(Data extracted from a collection)
^^^^^^^^
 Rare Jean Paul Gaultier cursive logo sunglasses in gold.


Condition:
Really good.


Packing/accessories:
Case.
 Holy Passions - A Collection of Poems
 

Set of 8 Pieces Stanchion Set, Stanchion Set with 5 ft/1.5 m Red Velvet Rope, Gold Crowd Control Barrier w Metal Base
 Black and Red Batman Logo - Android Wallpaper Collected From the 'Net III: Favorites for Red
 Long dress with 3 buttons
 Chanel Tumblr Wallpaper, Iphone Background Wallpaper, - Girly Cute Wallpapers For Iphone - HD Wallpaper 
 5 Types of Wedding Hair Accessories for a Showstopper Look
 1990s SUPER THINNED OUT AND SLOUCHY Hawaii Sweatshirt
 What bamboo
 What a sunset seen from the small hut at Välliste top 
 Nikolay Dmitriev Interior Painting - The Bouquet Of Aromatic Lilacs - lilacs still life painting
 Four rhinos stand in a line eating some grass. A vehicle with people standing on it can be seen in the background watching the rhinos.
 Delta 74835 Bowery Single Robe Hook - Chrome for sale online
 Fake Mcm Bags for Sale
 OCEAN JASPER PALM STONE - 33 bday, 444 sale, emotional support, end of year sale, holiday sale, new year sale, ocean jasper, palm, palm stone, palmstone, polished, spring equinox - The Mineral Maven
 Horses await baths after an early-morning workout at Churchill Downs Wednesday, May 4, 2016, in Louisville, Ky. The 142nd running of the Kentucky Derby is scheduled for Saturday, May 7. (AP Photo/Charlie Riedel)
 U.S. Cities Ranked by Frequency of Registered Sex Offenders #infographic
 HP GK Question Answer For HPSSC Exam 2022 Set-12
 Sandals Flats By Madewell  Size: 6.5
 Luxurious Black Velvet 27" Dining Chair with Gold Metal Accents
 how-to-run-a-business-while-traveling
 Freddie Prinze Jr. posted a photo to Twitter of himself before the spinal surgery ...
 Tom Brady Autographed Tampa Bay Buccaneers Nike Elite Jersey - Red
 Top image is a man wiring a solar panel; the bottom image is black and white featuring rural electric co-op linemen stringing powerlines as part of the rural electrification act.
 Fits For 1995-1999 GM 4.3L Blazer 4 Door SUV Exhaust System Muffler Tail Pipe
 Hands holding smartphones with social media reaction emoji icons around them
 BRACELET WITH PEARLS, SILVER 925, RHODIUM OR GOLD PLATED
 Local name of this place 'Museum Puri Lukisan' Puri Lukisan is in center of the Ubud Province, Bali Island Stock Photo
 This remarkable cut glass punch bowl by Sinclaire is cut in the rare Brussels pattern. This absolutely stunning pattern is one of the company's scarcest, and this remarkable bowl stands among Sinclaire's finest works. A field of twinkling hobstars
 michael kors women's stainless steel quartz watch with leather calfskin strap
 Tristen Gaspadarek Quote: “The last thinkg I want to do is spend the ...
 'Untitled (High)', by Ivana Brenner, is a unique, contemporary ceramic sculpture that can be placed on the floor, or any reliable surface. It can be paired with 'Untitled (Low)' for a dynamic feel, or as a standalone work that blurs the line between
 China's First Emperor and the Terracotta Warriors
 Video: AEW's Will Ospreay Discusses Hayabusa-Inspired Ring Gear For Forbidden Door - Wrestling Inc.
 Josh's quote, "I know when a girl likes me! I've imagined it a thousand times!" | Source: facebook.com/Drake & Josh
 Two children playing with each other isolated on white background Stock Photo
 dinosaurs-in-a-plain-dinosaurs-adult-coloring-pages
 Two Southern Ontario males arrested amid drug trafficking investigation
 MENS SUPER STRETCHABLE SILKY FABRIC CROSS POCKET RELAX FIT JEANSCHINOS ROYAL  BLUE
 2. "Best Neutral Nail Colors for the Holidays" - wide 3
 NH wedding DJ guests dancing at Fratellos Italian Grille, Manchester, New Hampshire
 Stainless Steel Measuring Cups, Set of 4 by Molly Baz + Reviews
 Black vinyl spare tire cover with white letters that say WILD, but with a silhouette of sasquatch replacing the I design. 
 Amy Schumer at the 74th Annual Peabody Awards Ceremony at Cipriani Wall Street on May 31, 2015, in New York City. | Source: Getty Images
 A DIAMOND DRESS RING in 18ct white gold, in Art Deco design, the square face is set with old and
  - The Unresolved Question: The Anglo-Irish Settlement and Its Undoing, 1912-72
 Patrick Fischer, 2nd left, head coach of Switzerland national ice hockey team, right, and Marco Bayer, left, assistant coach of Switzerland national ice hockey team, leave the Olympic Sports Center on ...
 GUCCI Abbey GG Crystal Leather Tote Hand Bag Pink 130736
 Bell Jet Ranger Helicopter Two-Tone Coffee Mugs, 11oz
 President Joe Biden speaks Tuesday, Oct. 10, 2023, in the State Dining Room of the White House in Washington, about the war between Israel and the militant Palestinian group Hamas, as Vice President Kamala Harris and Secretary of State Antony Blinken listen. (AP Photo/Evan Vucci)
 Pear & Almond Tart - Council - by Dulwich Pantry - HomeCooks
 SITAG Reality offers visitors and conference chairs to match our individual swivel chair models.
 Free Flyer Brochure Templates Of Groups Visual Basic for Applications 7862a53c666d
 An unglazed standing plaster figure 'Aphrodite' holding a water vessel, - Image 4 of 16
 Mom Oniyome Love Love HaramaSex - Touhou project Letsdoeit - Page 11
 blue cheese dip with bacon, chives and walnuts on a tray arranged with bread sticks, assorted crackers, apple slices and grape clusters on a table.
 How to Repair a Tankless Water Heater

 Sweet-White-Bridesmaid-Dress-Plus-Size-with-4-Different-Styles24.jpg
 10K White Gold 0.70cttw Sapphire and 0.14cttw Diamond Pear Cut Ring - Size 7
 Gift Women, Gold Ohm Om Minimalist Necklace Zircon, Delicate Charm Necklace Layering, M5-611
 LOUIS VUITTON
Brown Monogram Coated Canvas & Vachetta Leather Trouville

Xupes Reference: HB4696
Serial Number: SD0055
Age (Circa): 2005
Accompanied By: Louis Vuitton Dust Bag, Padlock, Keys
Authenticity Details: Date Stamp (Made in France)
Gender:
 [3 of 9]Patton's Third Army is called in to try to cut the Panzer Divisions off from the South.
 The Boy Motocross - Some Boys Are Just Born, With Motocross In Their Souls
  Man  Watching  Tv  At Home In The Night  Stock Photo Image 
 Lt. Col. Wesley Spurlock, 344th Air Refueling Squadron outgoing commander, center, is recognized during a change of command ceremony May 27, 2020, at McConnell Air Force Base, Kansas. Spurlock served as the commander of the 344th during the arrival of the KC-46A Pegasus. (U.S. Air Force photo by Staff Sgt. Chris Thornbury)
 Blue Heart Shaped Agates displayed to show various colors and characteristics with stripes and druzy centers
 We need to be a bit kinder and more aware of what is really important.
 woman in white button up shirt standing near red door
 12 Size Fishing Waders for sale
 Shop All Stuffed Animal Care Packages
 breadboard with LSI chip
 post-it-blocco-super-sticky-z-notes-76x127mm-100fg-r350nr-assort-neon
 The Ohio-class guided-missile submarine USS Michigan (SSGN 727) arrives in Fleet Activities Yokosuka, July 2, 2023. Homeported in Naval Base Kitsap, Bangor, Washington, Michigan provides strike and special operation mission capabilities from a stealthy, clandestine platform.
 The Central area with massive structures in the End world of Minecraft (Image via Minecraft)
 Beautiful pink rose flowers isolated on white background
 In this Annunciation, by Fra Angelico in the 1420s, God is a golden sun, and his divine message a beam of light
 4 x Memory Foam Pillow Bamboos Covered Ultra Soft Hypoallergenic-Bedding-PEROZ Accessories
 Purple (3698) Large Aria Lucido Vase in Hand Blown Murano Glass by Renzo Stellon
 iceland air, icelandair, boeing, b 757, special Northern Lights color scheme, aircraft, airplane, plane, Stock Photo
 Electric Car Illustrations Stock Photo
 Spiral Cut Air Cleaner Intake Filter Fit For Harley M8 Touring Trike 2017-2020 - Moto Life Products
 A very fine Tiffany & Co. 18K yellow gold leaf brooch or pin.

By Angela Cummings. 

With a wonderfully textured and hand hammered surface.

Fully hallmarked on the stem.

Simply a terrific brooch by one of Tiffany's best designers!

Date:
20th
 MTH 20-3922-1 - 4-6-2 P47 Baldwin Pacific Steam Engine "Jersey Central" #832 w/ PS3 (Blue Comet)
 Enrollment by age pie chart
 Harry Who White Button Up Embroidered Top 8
^^^^^^^^
# Exercise brief:
Beginning with the line above that contains "Horses await baths", copy each line exactly up to and including the line that contains "MENS SUPER STRETCHABLE", and go no further.

# Solution to the problem:
 Horses await baths after an early-morning workout at Churchill Downs Wednesday, May 4, 2016, in Louisville, Ky. The 142nd running of the Kentucky Derby is scheduled for Saturday, May 7. (AP Photo/Charlie Riedel)
 U.S. Cities Ranked by Frequency of Registered Sex Offenders #infographic
 HP GK Question Answer For HPSSC Exam 2022 Set-12
 Sandals Flats By Madewell  Size: 6.5
 Luxurious Black Velvet 27" Dining Chair with Gold Metal Accents
 how-to-run-a-business-while-traveling
 Freddie Prinze Jr. posted a photo to Twitter of himself before the spinal surgery ...
 Tom Brady Autographed Tampa Bay Buccaneers Nike Elite Jersey - Red
 Top image is a man wiring a solar panel; the bottom image is black and white featuring rural electric co-op linemen stringing powerlines as part of the rural electrification act.
 Fits For 1995-1999 GM 4.3L Blazer 4 Door SUV Exhaust System Muffler Tail Pipe
 Hands holding smartphones with social media reaction emoji icons around them
 BRACELET WITH PEARLS, SILVER 925, RHODIUM OR GOLD PLATED
 Local name of this place 'Museum Puri Lukisan' Puri Lukisan is in center of the Ubud Province, Bali Island Stock Photo
 This remarkable cut glass punch bowl by Sinclaire is cut in the rare Brussels pattern. This absolutely stunning pattern is one of the company's scarcest, and this remarkable bowl stands among Sinclaire's finest works. A field of twinkling hobstars
 michael kors women's stainless steel quartz watch with leather calfskin strap
 Tristen Gaspadarek Quote: “The last thinkg I want to do is spend the ...
 'Untitled (High)', by Ivana Brenner, is a unique, contemporary ceramic sculpture that can be placed on the floor, or any reliable surface. It can be paired with 'Untitled (Low)' for a dynamic feel, or as a standalone work that blurs the line between
 China's First Emperor and the Terracotta Warriors
 Video: AEW's Will Ospreay Discusses Hayabusa-Inspired Ring Gear For Forbidden Door - Wrestling Inc.
 Josh's quote, "I know when a girl likes me! I've imagined it a thousand times!" | Source: facebook.com/Drake & Josh
 Two children playing with each other isolated on white background Stock Photo
 dinosaurs-in-a-plain-dinosaurs-adult-coloring-pages
 Two Southern Ontario males arrested amid drug trafficking investigation
 MENS SUPER STRETCHABLE SILKY FABRIC CROSS POCKET RELAX FIT JEANSCHINOS ROYAL  BLUE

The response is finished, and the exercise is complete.